The good news is that you can enjoy watching your favorite shows on virtually any exercise bike in the course of your workout. However, the limited support in upright bikes means you can’t expect to do this as comfortably as you want.
Reading a Kindle eBook or regular paperback becomes extremely difficult because trying to gain support and balance gets your hands full.
A recumbent bike on the other hand gives you 5-star entertainment. From watching movies on your computer to sampling through your favorite music playlist, you get the freedom to do it all.
However, don’t forget that entertainment in the course of a workout is a 2-way street. It can make your sessions more enjoyable but could also serve as a distraction that can limit your intensity.
If you are desperate to get in shape, tone muscles, burn calories, and improve your stamina, an exercise bike is the way to go. Fortunately, both types of bikes can give you excellent results.
The most suitable option for you depends on your personal preferences and goals.
A recumbent bike is the best option if you don’t want to compromise on comfort during workouts. It allows you to exercise at your own pace while watching TV, reading the news or even a best-selling paperback.
These bikes are also great for those with bad backs as it provides awesome back support in the form of comfortable seats and dedicated backrests.
The arm rests also complement the backrests to provide enormous support for those who do not have a lot of balance.

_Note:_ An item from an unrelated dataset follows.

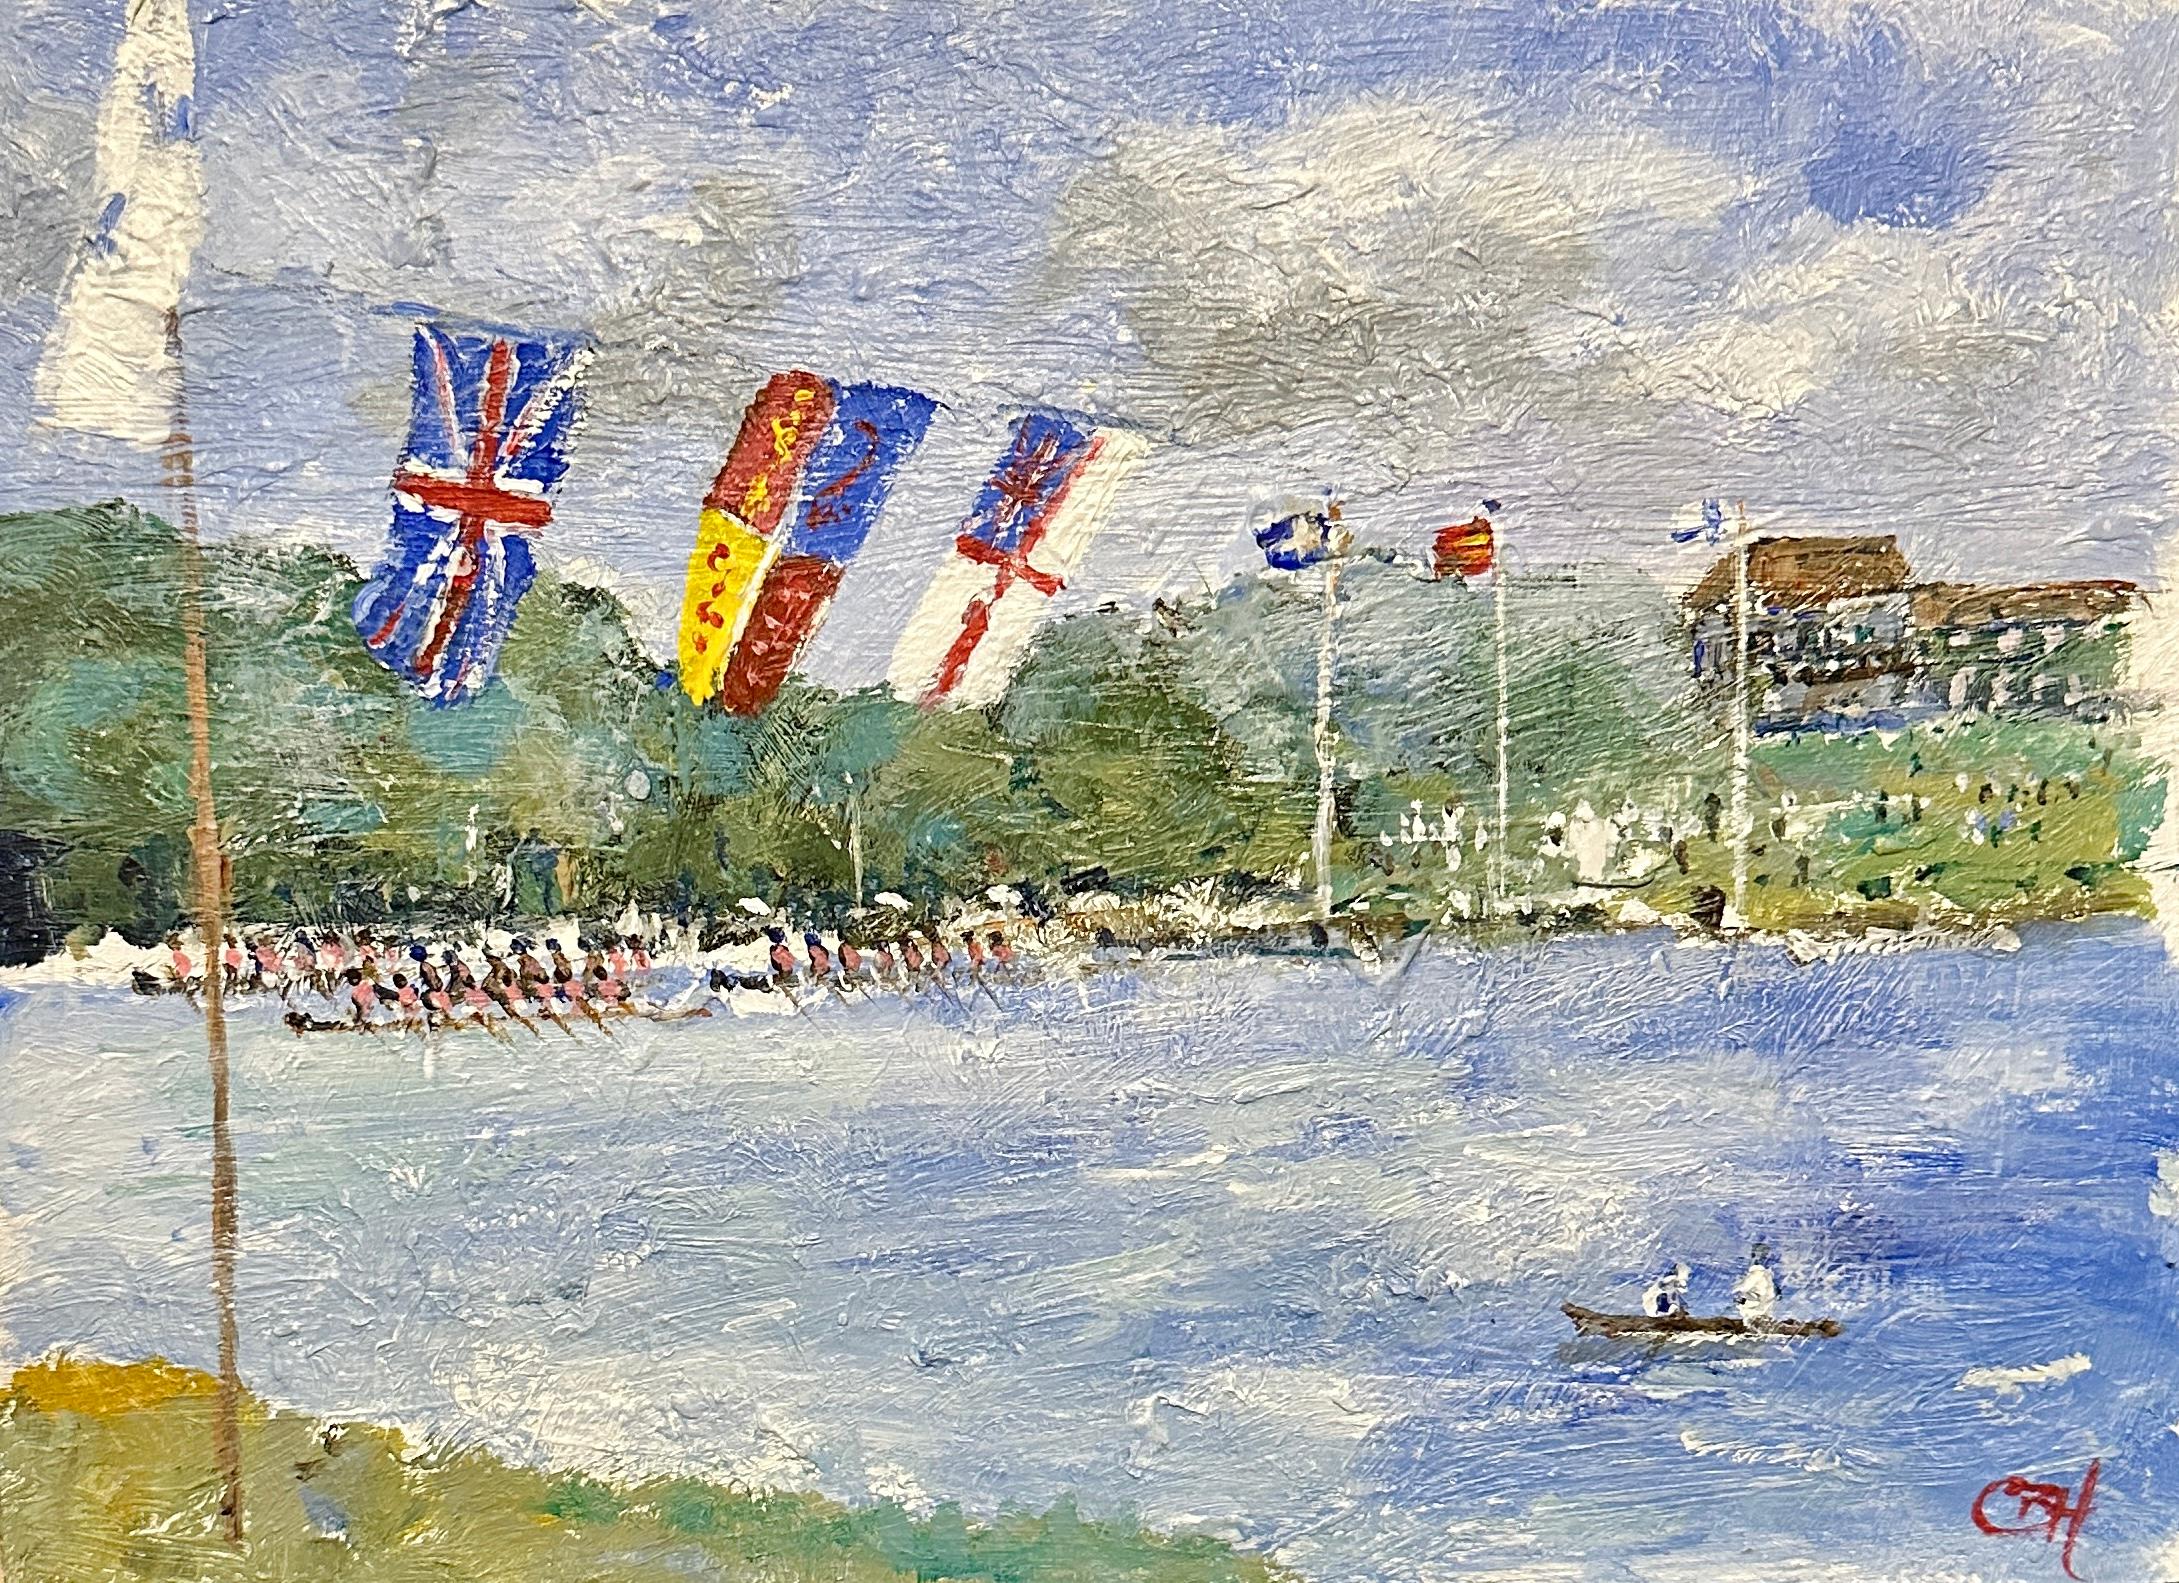 20th century Modern British , Henley Regatta, Rowing scene on the Thames UK

For those who have undergone hip replacements or recovering from injuries, a recumbent can’t be beat because it is gentler on the joints. If you are extremely busy and hardly find time to hit the gym, a recumbent bike can be lifesaving.
Users get to exercise while reading and replying emails and generally staying productive at the same time.
An upright bike on the other hand is great for those with limited space at home. They are usually cheaper than their recumbent counterparts and give you more intense workouts.
These bikes also give you the ability to stay in shape during winter and other colder times of the year when training outside seems impractical.
It is important to evaluate the strengths and weakness of both types in detail. Then go in for the type that you see yourself consistently exercising with.